Author: The Little Dream, Created: 2017-03-23 12:18:01, Updated:

Support vector machines in the brain

Support vector machine (SVM) is an important machine learning classifier that cleverly uses non-linear transformations to project low-dimensional features into high-dimensional ones to perform more complex classification tasks (up-dimensional knocks). SWM seems to use a mathematical gimmick that just happens to match the mechanisms of brain coding, as we can read from a 2013 Nature paper that the surface connection between understanding deep machine learning and how the brain works is the use of machine learning to study the brain. The importance of mixed selectivity in complex cognitive tasks (by Omri Barak al.)

  • SVM

    The first process is called encoding, the second process is called decoding, and the real purpose of neural encoding is to decode the decision. So, using machine learning's visual code, the easiest way to do it is to use a classifier, or even a logistic model, a linear classifier, which treats the input signals according to certain characteristic categories.

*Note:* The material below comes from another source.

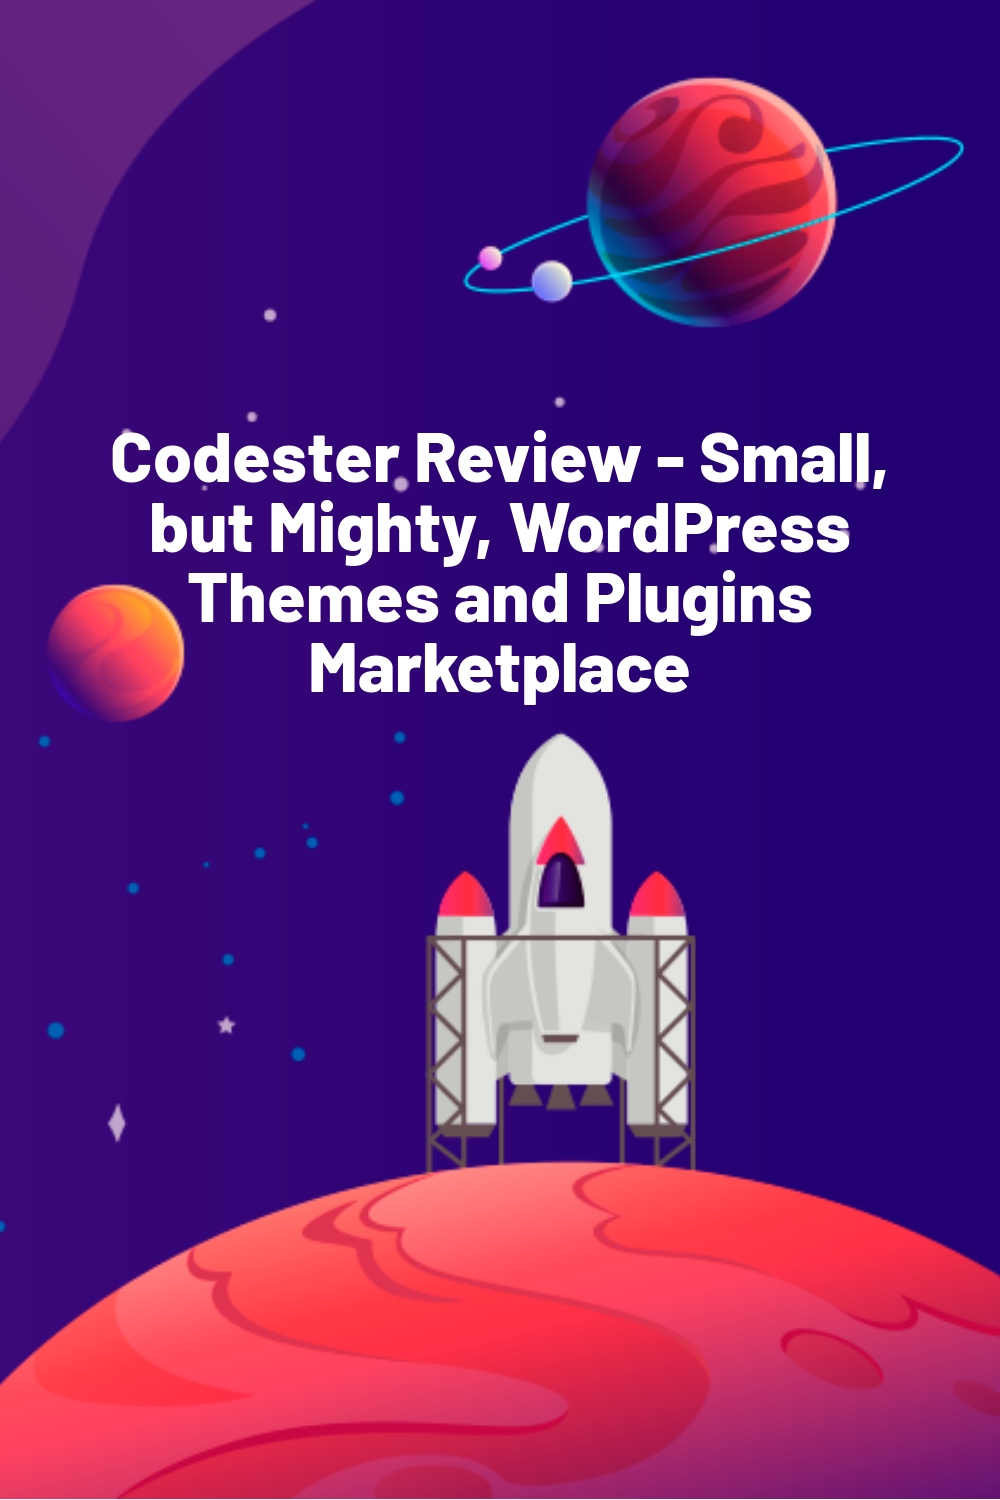 Codester Review – Small, but Mighty, WordPress Themes and Plugins Marketplace

    So let's see how the neural coding works, first of all, the neuron can basically be thought of as an RC circuit that adjusts the resistance and capacitance according to the external voltage, if the external signal is large enough, it conducts, otherwise it closes, and represents a signal by the frequency of discharge in a certain time. And we talk about coding, often doing a discrete processing of time, assuming that in a small time window, this rate of discharge is constant, so that a neural network in this time window the rate of discharge of cells in this time window can be seen together as a N-dimensional quantity, N is the individual neuron, this N-dimensional quantity, we call it the coding numerator, it can express the image of the animal seen, or the sound heard, which will cause the corresponding external-expression of the neural cortex network.

    img

    Graph: The longitudinal axis is the cell, the horizontal axis is the time, and the graph shows how we extract the neural code.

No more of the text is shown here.